[[ SUPPLIED INFORMATION open ]]

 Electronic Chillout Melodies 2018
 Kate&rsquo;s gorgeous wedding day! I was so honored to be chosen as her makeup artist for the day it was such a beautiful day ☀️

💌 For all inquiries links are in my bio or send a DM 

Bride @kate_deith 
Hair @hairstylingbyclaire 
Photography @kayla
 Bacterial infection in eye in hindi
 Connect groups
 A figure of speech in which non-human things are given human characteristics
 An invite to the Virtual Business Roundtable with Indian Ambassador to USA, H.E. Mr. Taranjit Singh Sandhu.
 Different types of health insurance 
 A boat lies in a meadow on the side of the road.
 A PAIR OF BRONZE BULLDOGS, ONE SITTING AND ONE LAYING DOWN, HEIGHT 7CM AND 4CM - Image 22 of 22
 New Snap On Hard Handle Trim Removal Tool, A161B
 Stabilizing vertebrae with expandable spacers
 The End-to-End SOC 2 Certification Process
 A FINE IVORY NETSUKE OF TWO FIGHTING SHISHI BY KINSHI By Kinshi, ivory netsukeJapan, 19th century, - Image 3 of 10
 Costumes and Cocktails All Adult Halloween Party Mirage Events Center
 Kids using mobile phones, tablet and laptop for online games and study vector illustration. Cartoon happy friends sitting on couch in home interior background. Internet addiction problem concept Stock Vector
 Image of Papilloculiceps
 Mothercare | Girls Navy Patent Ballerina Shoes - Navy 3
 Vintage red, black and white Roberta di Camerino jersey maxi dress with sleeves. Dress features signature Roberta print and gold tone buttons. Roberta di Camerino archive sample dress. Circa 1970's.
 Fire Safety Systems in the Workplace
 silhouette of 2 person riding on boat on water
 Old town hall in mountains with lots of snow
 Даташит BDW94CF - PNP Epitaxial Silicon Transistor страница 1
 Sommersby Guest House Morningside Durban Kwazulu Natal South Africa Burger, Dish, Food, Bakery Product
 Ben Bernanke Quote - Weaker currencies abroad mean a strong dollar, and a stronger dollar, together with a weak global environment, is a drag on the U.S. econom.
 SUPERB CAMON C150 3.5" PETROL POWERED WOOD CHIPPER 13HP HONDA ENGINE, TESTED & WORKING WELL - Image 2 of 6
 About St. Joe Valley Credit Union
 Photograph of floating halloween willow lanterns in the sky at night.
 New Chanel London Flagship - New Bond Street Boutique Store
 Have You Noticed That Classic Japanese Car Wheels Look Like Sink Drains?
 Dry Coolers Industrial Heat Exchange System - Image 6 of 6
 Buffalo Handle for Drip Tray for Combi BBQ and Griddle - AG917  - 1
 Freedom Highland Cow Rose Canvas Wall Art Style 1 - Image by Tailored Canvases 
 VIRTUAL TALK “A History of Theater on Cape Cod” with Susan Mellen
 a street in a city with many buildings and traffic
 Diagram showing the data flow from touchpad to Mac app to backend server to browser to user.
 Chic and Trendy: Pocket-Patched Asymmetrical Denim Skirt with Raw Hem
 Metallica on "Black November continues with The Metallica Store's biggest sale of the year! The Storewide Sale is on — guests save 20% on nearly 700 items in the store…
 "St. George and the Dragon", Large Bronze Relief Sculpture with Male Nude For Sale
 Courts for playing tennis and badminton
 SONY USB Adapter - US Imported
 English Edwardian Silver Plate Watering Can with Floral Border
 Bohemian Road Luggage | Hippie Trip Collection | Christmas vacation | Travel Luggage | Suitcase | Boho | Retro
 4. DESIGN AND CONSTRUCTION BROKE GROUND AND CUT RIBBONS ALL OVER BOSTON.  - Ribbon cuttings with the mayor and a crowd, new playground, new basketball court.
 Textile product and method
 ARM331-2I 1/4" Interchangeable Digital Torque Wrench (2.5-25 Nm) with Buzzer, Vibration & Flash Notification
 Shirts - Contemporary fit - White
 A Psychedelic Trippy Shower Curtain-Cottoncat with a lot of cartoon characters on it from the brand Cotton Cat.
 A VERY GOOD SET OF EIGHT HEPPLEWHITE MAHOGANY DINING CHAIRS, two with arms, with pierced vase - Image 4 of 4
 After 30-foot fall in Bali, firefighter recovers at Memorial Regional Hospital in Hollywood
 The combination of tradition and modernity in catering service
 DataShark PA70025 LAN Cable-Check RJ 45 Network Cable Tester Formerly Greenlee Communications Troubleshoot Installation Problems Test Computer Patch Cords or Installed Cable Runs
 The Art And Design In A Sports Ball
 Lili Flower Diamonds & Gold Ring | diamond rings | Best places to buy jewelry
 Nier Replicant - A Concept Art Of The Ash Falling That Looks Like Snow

[[ SUPPLIED INFORMATION closed ]]

* WORK ORDER *
Please print out every record exactly as it is written.

* EXPECTED OUTPUT *
 Electronic Chillout Melodies 2018
 Kate&rsquo;s gorgeous wedding day! I was so honored to be chosen as her makeup artist for the day it was such a beautiful day ☀️

💌 For all inquiries links are in my bio or send a DM 

Bride @kate_deith 
Hair @hairstylingbyclaire 
Photography @kayla
 Bacterial infection in eye in hindi
 Connect groups
 A figure of speech in which non-human things are given human characteristics
 An invite to the Virtual Business Roundtable with Indian Ambassador to USA, H.E. Mr. Taranjit Singh Sandhu.
 Different types of health insurance 
 A boat lies in a meadow on the side of the road.
 A PAIR OF BRONZE BULLDOGS, ONE SITTING AND ONE LAYING DOWN, HEIGHT 7CM AND 4CM - Image 22 of 22
 New Snap On Hard Handle Trim Removal Tool, A161B
 Stabilizing vertebrae with expandable spacers
 The End-to-End SOC 2 Certification Process
 A FINE IVORY NETSUKE OF TWO FIGHTING SHISHI BY KINSHI By Kinshi, ivory netsukeJapan, 19th century, - Image 3 of 10
 Costumes and Cocktails All Adult Halloween Party Mirage Events Center
 Kids using mobile phones, tablet and laptop for online games and study vector illustration. Cartoon happy friends sitting on couch in home interior background. Internet addiction problem concept Stock Vector
 Image of Papilloculiceps
 Mothercare | Girls Navy Patent Ballerina Shoes - Navy 3
 Vintage red, black and white Roberta di Camerino jersey maxi dress with sleeves. Dress features signature Roberta print and gold tone buttons. Roberta di Camerino archive sample dress. Circa 1970's.
 Fire Safety Systems in the Workplace
 silhouette of 2 person riding on boat on water
 Old town hall in mountains with lots of snow
 Даташит BDW94CF - PNP Epitaxial Silicon Transistor страница 1
 Sommersby Guest House Morningside Durban Kwazulu Natal South Africa Burger, Dish, Food, Bakery Product
 Ben Bernanke Quote - Weaker currencies abroad mean a strong dollar, and a stronger dollar, together with a weak global environment, is a drag on the U.S. econom.
 SUPERB CAMON C150 3.5" PETROL POWERED WOOD CHIPPER 13HP HONDA ENGINE, TESTED & WORKING WELL - Image 2 of 6
 About St. Joe Valley Credit Union
 Photograph of floating halloween willow lanterns in the sky at night.
 New Chanel London Flagship - New Bond Street Boutique Store
 Have You Noticed That Classic Japanese Car Wheels Look Like Sink Drains?
 Dry Coolers Industrial Heat Exchange System - Image 6 of 6
 Buffalo Handle for Drip Tray for Combi BBQ and Griddle - AG917  - 1
 Freedom Highland Cow Rose Canvas Wall Art Style 1 - Image by Tailored Canvases 
 VIRTUAL TALK “A History of Theater on Cape Cod” with Susan Mellen
 a street in a city with many buildings and traffic
 Diagram showing the data flow from touchpad to Mac app to backend server to browser to user.
 Chic and Trendy: Pocket-Patched Asymmetrical Denim Skirt with Raw Hem
 Metallica on "Black November continues with The Metallica Store's biggest sale of the year! The Storewide Sale is on — guests save 20% on nearly 700 items in the store…
 "St. George and the Dragon", Large Bronze Relief Sculpture with Male Nude For Sale
 Courts for playing tennis and badminton
 SONY USB Adapter - US Imported
 English Edwardian Silver Plate Watering Can with Floral Border
 Bohemian Road Luggage | Hippie Trip Collection | Christmas vacation | Travel Luggage | Suitcase | Boho | Retro
 4. DESIGN AND CONSTRUCTION BROKE GROUND AND CUT RIBBONS ALL OVER BOSTON.  - Ribbon cuttings with the mayor and a crowd, new playground, new basketball court.
 Textile product and method
 ARM331-2I 1/4" Interchangeable Digital Torque Wrench (2.5-25 Nm) with Buzzer, Vibration & Flash Notification
 Shirts - Contemporary fit - White
 A Psychedelic Trippy Shower Curtain-Cottoncat with a lot of cartoon characters on it from the brand Cotton Cat.
 A VERY GOOD SET OF EIGHT HEPPLEWHITE MAHOGANY DINING CHAIRS, two with arms, with pierced vase - Image 4 of 4
 After 30-foot fall in Bali, firefighter recovers at Memorial Regional Hospital in Hollywood
 The combination of tradition and modernity in catering service
 DataShark PA70025 LAN Cable-Check RJ 45 Network Cable Tester Formerly Greenlee Communications Troubleshoot Installation Problems Test Computer Patch Cords or Installed Cable Runs
 The Art And Design In A Sports Ball
 Lili Flower Diamonds & Gold Ring | diamond rings | Best places to buy jewelry
 Nier Replicant - A Concept Art Of The Ash Falling That Looks Like Snow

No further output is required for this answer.